Please be in prayer with me as things are finalized and decisions are being made for my trip. Also, please pray with me that I will be actively waiting: praying, seeking God's guidance, and trusting Him with my whole being. My funding still is an item to be prayed for as well.
Thank you for all the prayers and love. Know that I am encouraged by all of you!
Mungu akubariki (God bless you),
Missy
The Next Step - Uganda
Though my trip to Kenya will continue to follow me as God continues to reveal more of Himself to me, I am now fully engrossed into my next trip to Uganda. Timing and other details are still not known, but here is more information on this next chapter of my life. Thank you for all the prayers and support in general! It means a lot.
Dear family and friends,
It hasn’t been that long since I last wrote to you and I
pray that you are all well and blessed.
My school year has ended as a paraprofessional in an Autism classroom
and I cannot tell you how much I have learned this year. Special Education
seems to be where I fit best as a teacher and God has gently been leading me
there as it becomes part of my heart. However, He isn’t finished with me yet.
During my previous trips to East Africa, it has been clear
to me that I want to take a leap of faith to teach overseas, to “go into all
the world”, and to represent Christ as I reach children (and others) for
Him. In my next steps, I have been
accepted on as a short-term missionary for Africa Inland Mission (AIM) and will
be serving in Kampala, Uganda in the special needs ministry. There I will
assist teachers as they teach children with autism at Kyambogo University from October 2013 to August 2014 (which may change to January to the end of 2014).
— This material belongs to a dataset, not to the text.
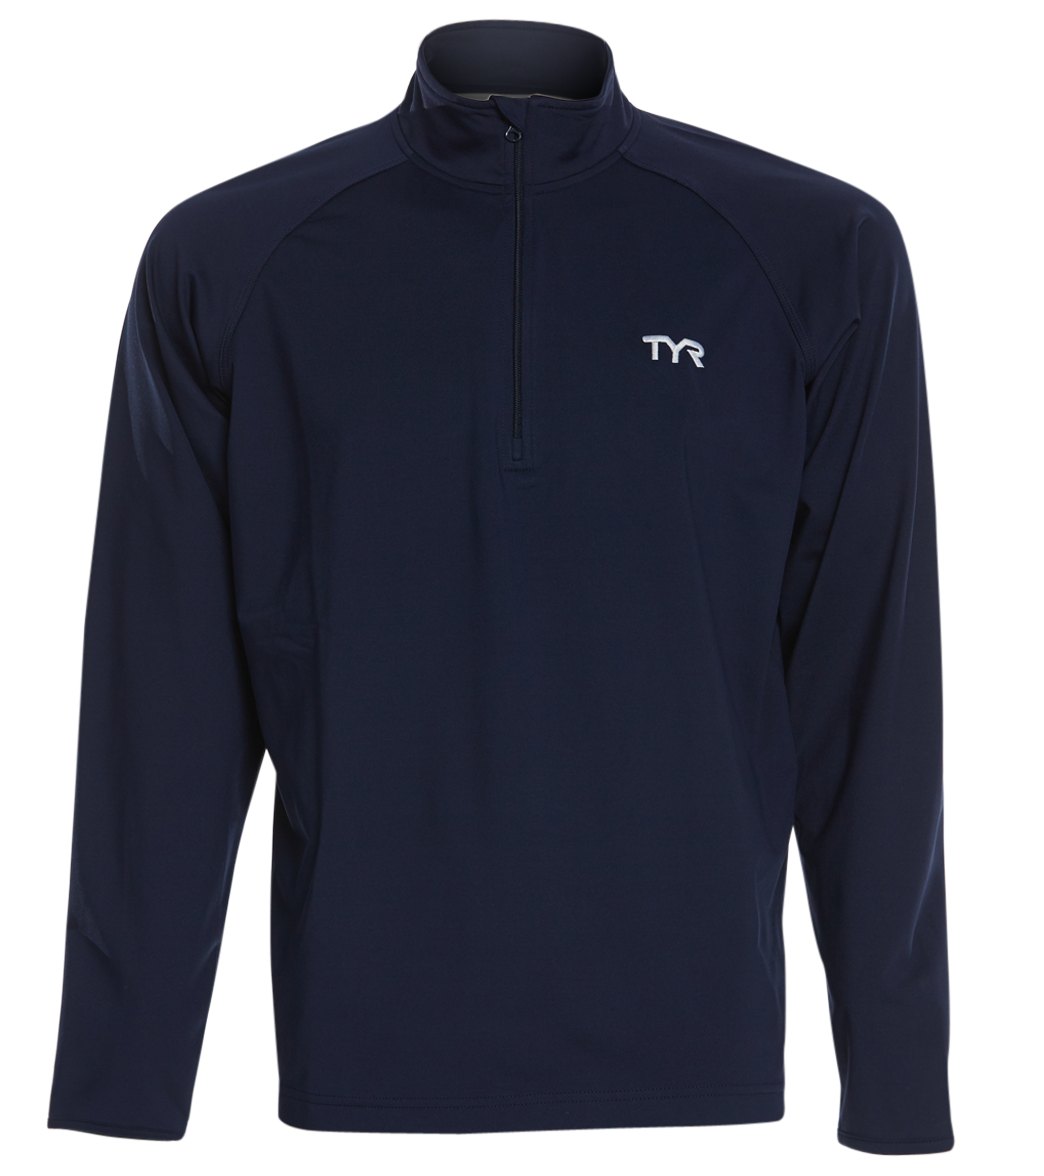 TYR Men's Alliance 1/4 Zip Pullover Jacket - Navy Small Polyester/Spandex - Swimoutlet.com

I want to make a difference in the lives of the
teachers, and especially students using the skills I have acquired during the
past year.
In Uganda, children with special needs and their families
are often ostracized by society because of the belief that the disabilities are
due to demon possession or witchcraft. They also frequently experience neglect
and deprivation. AIM’s desire is for the
special needs ministry to provide care for this community’s physical, mental,
emotional and spiritual needs as well as for their families and caregivers. My hope is that I will be used by God to
carry out His vision for Uganda’s special needs community.
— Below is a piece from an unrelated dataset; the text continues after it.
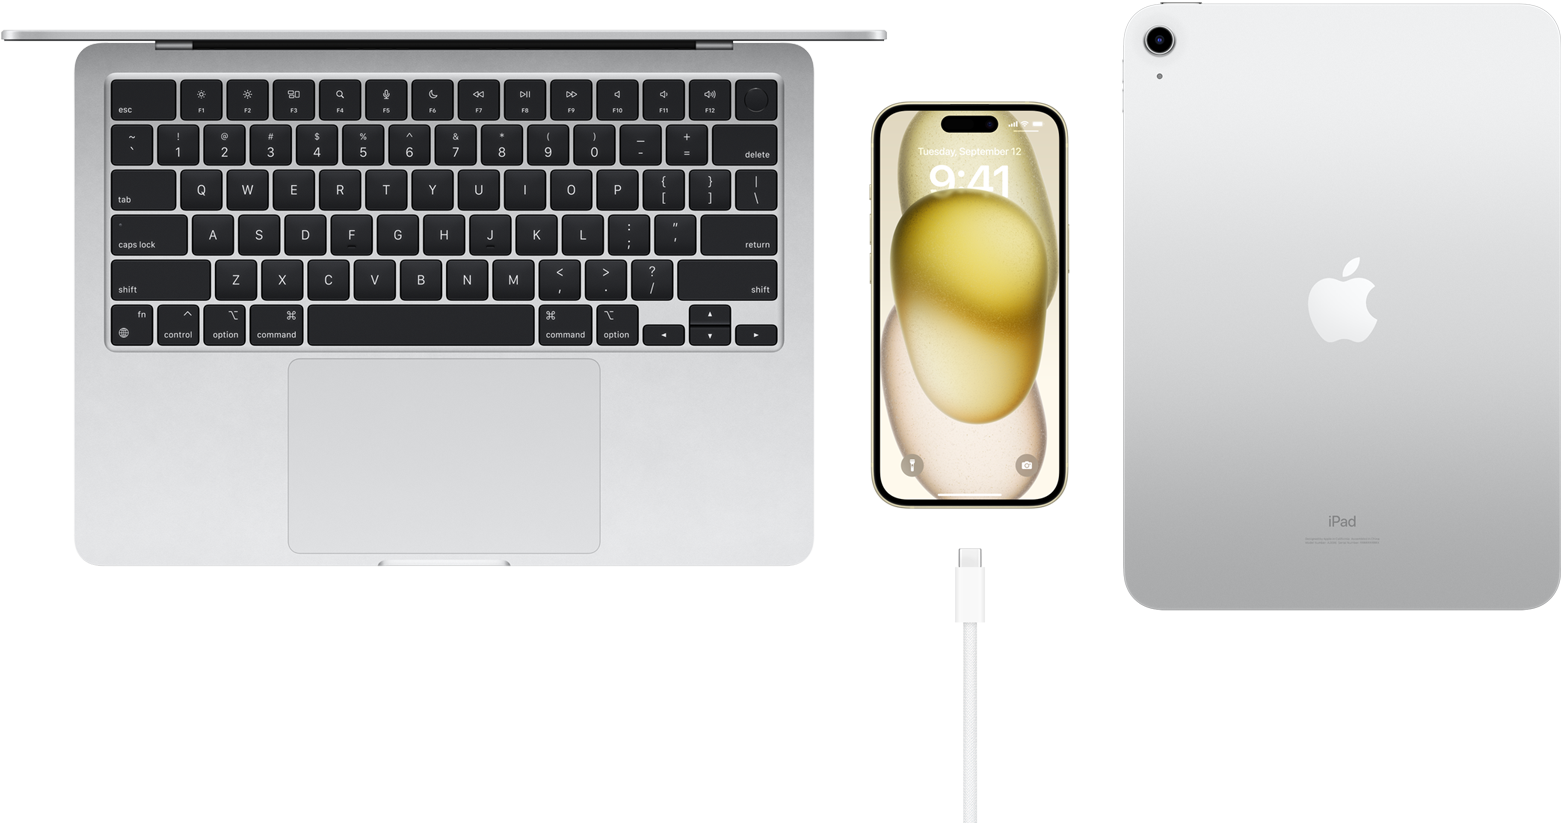 Top view of MacBook Pro, Phone 15 with a USB-C connector and iPad

Not only do I want to be used by God, I want to be
continually changed by Him through this step in my life. I am looking forward
to learning more from a new culture and people; to learn more about God’s heart
for His world, and to grow in my relationship with Jesus. I hope to be
challenged in my faith and for God to speak to me as I consider full-time
missions in the future.
God is certainly moving in my life and as I am looking to
Him for guidance, I am also inviting you to become a part of this ministry by
supporting me. I will have barriers
between language and culture, and I will face many challenges. Please keep me
in your prayers as I cannot do this alone. Please pray for understanding as I
work with teachers and students, smooth travel, and for all that is required of
me before I leave the country.
If you would like to
receive e-mail updates for prayer this fall, please indicate that on the
included form and return it to me and I will add you to the list! I would also
ask that you prayerfully consider being a part of my financial support for this
trip. The cost is $15,895 which covers travel,
living expenses, as well as contributions towards outreach supplies. I cannot leave until the amount is raised.
All donations are tax deductible; and all checks should be made out to Africa Inland Mission. Please do not place my name anywhere on the check -
instead use the included form. All checks should be sent directly to me, so
that I may record them and then pass them on to AIM. You can also give online
at http://www.aimint.org/usa/;
just type in Barnett, Melissa. I am
looking forward to hearing from you!